Feel free to switch up the vegetables. Butternut squash would be a great addition, as would fried mushrooms.
This soup is best eaten freshly made, but any leftovers will keep in the fridge for up to three days. Reheat thoroughly to serve. The rice will soak up the liquid so you may need to add some more stock.
More Vegan Soup Recipes:
- Cheesy vegan broccoli soup
- Creamy white bean soup
- Spinach, lentil and butter bean soup
- Creamy vegetable chickpea soup
- Vegan corn chowder
- Spiced carrot and pumpkin soup
- Quick black-eyed bean soup
If you tried this recipe let me know how it went! Rate it, leave a comment or tag @domestic_gothess on Instagram and hashtag it #domesticgothess
All images and content on Domestic Gothess are copyright protected. If you want to share this recipe then please do so by using the share buttons provided. Do not screenshot or post the recipe or content in full.

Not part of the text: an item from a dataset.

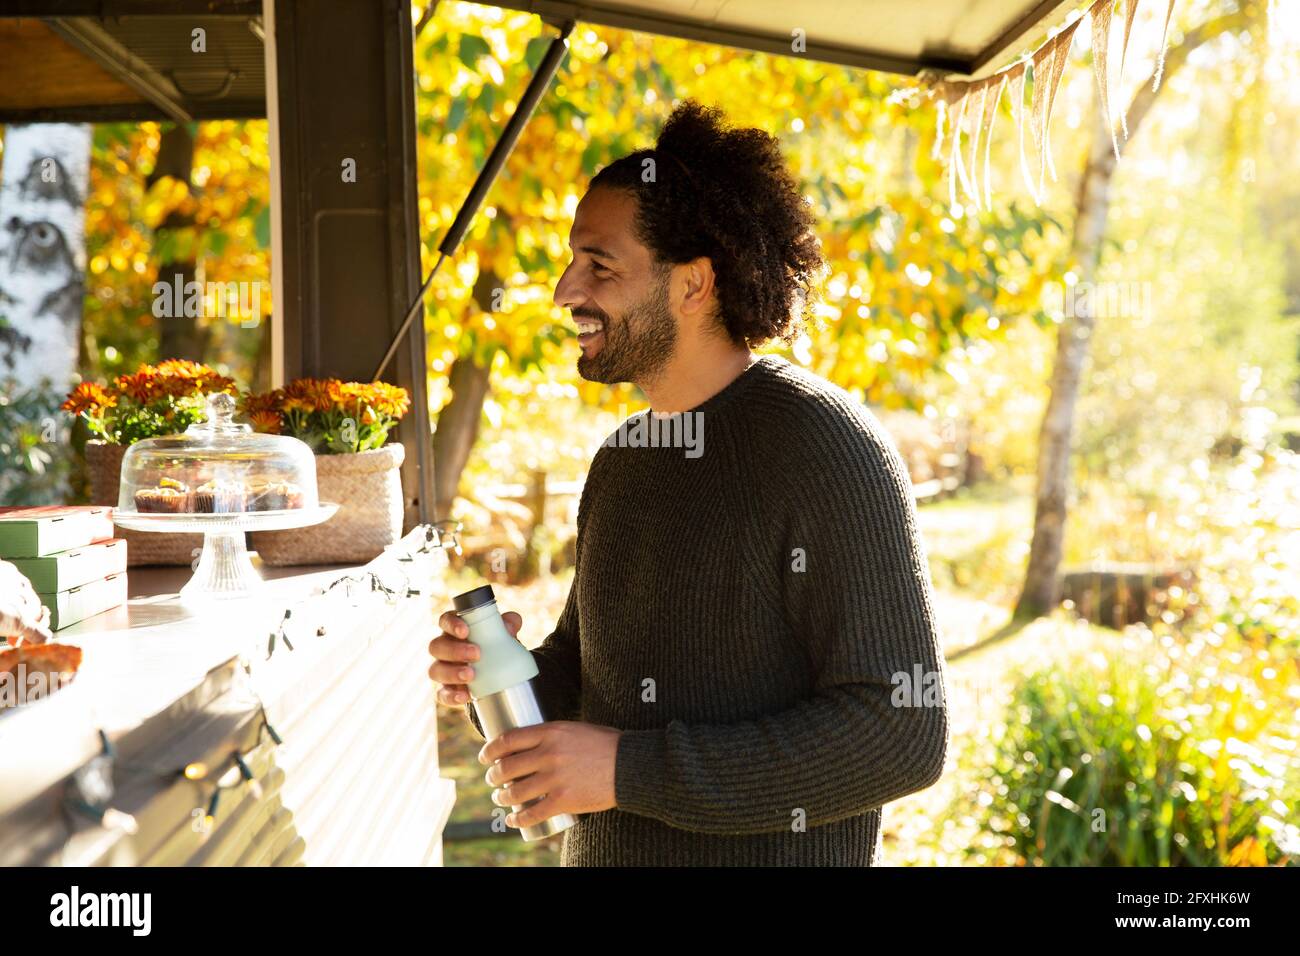 Smiling male customer ordering from food truck in autumn park Stock Photo

Creamy Vegetable Rice Soup (Vegan)
- 1 Tablespoon olive oil
- 30 g (2 Tablespoons) vegan butter
- 1 onion peeled and chopped
- 1 leek sliced
- 3 sticks celery diced
- 2 large carrots diced
- 4 cloves garlic peeled and crushed
- 30 g (3 Tablespoons) plain (all-purpose) flour
- 1.5 litres (6 cups) vegetable bouillon (I use Marigold)
- 1 teaspoon dried thyme
- ½ teaspoon dried oregano
- ½ teaspoon dried rosemary
- ½ teaspoon dried tarragon
- 1 bay leaf
- 180 g (1 cup) basmati and wild rice blend
- one 400 g (14 oz) tin cannellini beans/butter beans/chickpeas drained
- ½ teaspoon salt (more to taste)
- a couple of big handfuls shredded kale
- black pepper
- 100 g (⅔ cup) cashews
- 250 ml (1 cup) water
- Place the cashews for the cashew cream in a bowl, cover with boiling water and set aside to soak.
- Heat the olive oil and vegan butter in a large pan, add the onion, leek, celery, carrot and garlic and cook gently for about 10 minutes until the vegetables are soft.
- Stir in the flour and cook for a couple more minutes, stirring constantly.
- Gradually stir in the stock, a little at a time to avoid lumps.
- Add the thyme, oregano, rosemary, tarragon, bay leaf, rice, beans, salt and plenty of black pepper.
- Bring the soup up to a gentle simmer and cook for about 20 minutes, stirring often, until the rice is tender.
- Add the shredded kale and cook for a minute or two until the kale is wilted.
- Drain the soaked cashews and add to a blender with the 250ml water. Blend until smooth. Stop and scrape down the sides as needed.
- Add the cashew cream to the soup and season to taste. If you want a thinner texture you can add more stock as needed.
- See post above for tips, details and step-by-step photos.